Чтобы разобраться в данной ситуации, нам придется обратиться к воззрениям интеллигенции, которая являлась наиболее чувствительным к теоретическим поискам слоем населения и одновременно авангардом общественного движения. Весьма показательно, что само слово «интеллигенция» было придумано в России 1860-х годов и впервые появилось в статьях плодовитого и модного тогда писателя П. Д. Боборыкина (честно говоря, термин «интеллигент» в 1840-х годах появлялся в работах В. Г. Белинского и А. И. Герцена, но без объяснения того, что именно они понимали под этим термином).
Конечно, и на Западе существовали люди, занимавшиеся познавательной деятельностью, связанные с творческими поисками, но там они назывались «интеллектуалами», «специалистами», «людьми свободных профессий». Однако дело даже не в словах. Разница между теми и другими заключалась в том, что в российской трактовке интеллигенции обязательно присутствовало не только социальное, но и общечеловеческое содержание. Интеллигенция XIX века — это объединение наиболее мыслящих, совестливых и честных людей, обязательно в той или иной мере оппозиционных существующему режиму. Интеллигенция была и остается таковой, несмотря на все ошибки и заблуждения.
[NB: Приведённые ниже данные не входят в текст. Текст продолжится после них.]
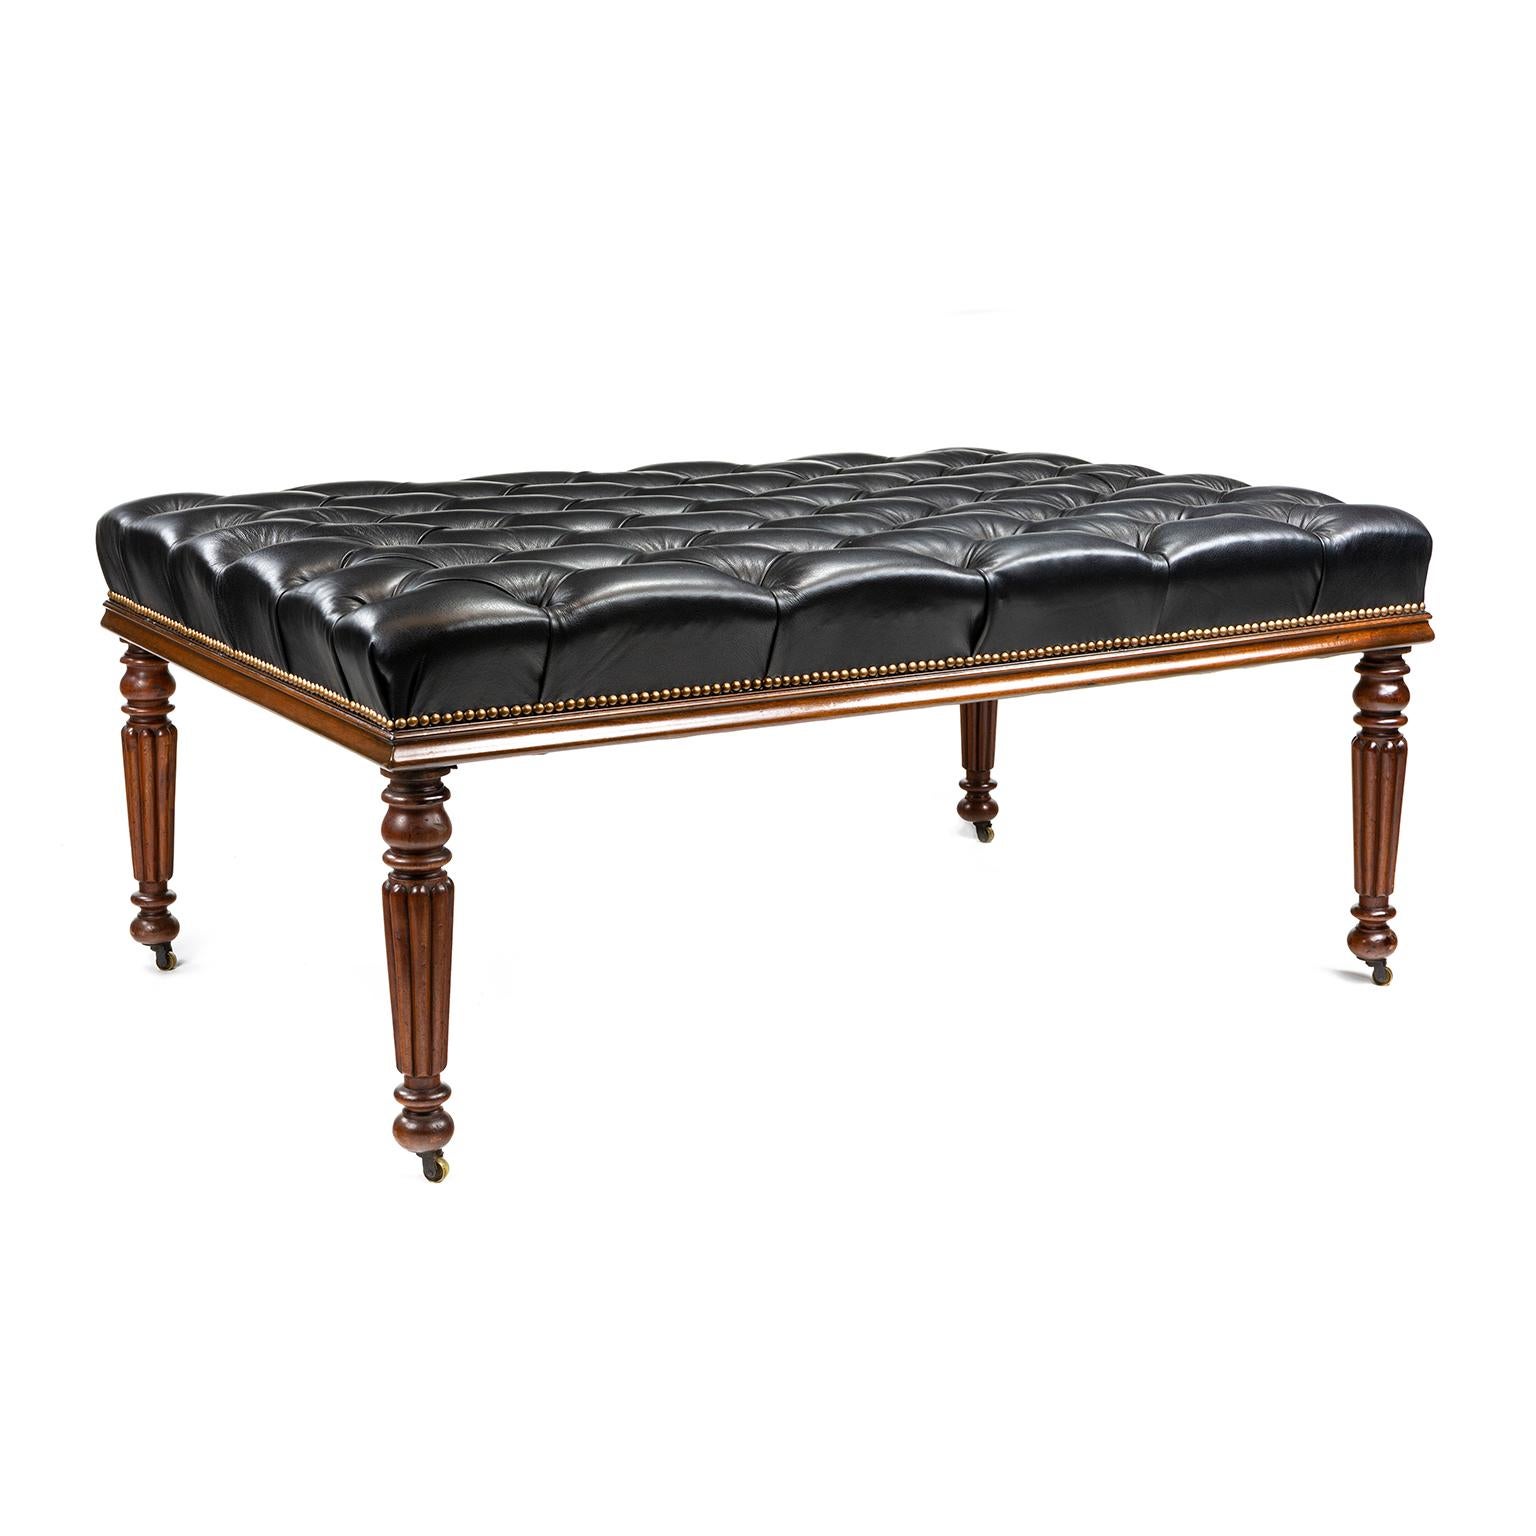 Large Gillows style foot rest or otterman, 20th C, the legs are original Gillows patern, covered in deep buttoned black leather on a mahogany frame.

Gillows of Lancaster and London, also known as Gillow & Co., was an English furniture making firm

В обществе, где дворянская элита постепенно теряла позиции, а буржуазия долгое время не могла оформиться политически, именно интеллигенция взяла на себя заботу не только о выработке проекта национального развития, но и стала главным инициатором его реализации. Интеллигенция в роли реализатора планов социально-экономического и политического развития страны — это всегда очень опасно. Ведь интеллектуальной прослойке нечего было терять, она никогда не являлась «материально ответственным лицом», а потому не привыкла обращать внимания на реальность, выполнимость, затребованность государством и обществом своих планов. И эта ее особенность с наибольшей силой проявилась опять-таки в царствование Александра II.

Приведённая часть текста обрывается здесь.